Yves Jégo : Je vous le redis par nature je ne suis opposé à aucun débat mais là encore j'ai le sentiment que les priorités des polynésiens sont ailleurs. Quels sont les grands projets du territoire ? Comment assurer la croissance économique et l'emploi sur place pour les générations futures ? Comment lutter contre les risques climatiques et faire de l'enjeu écologique un atout de croissance ? Comment dessiner une nouvelle ambition pour le tourisme ? Comment tout simplement mettre en chantier ce qui vient d'être financé dans le Contrat de projet ? Voilà quelques-unes unes des questions que j'aimerais voir poser et sur lesquelles j'aimerais débattre avec les élus. Les Polynésiens se sont exprimés récemment et démocratiquement par les urnes. Librement ils ont choisi des élus pour agir. Il me semble que l'énergie perdue dans des débats annexes serait mieux utilisée pour répondre aux attentes des polynésiens et en particulier de ceux qui souffrent.
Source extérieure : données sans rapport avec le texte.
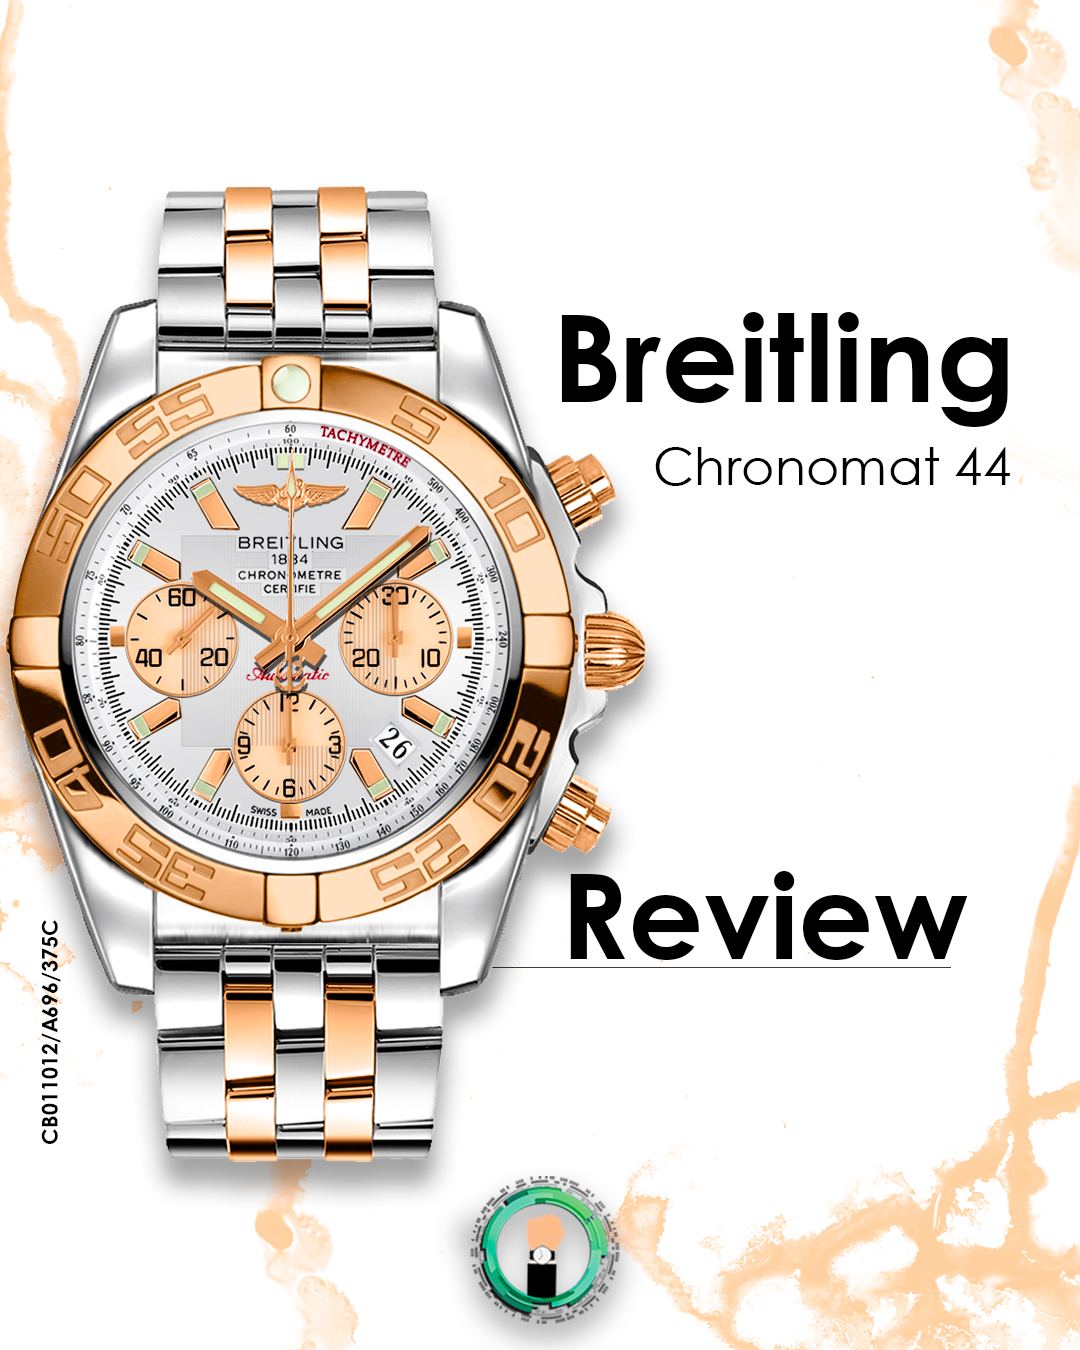 Breitling Chronomat 44mm

Sincèrement est ce un nouveau mode de scrutin qui va changer la vie des polynésiens ?
Les Nouvelles de Tahiti : Depuis sa signature à l'Elysée, le Contrat de projets attend sa mise en oeuvre. Votre visite sera-t-elle l'occasion d'installer le comité de pilotage de ce Contrat. Et compte tenu du démarrage tardif de ce Contrat, les crédits programmés pour 2008 et qui ne pourront être consommés, seront-ils perdus ou bien basculés sur 2009 ?
Yves Jégo : Je souhaite naturellement que les cinq volets principaux du contrat soient mis en oeuvre le plus rapidement possible. C'est pour cela que je suis là.
Les Nouvelles de Tahiti : Après la période des essais nucléaires, et à la suite de treize années d'après-CEP, comment définiriez-vous aujourd'hui le lien et les relations entre l'Etat et la Polynésie française ? Quel est le principal message de votre visite à l'adresse des Polynésiens ?
Yves Jégo : Je viens dire au président Tong Sang et à tous les responsables politiques combien l'Etat est désireux d'aider la Polynésie française. Je viens rencontrer les Polynésiens pour leur dire que l'Etat sera toujours présent et solide. Nous avons déjà mobilisé des moyens considérables et nous en mobiliserons encore pour apporter notre part au développement. Je sais que la Polynésie française à un brillant avenir devant elle pour peu qu'elle s'inscrive dans une nouvelle logique ; celle d'un monde qui change et qui oblige les responsables politiques à être à la hauteur des défis qui sont devant nous pour garantir un bel avenir à nos enfants.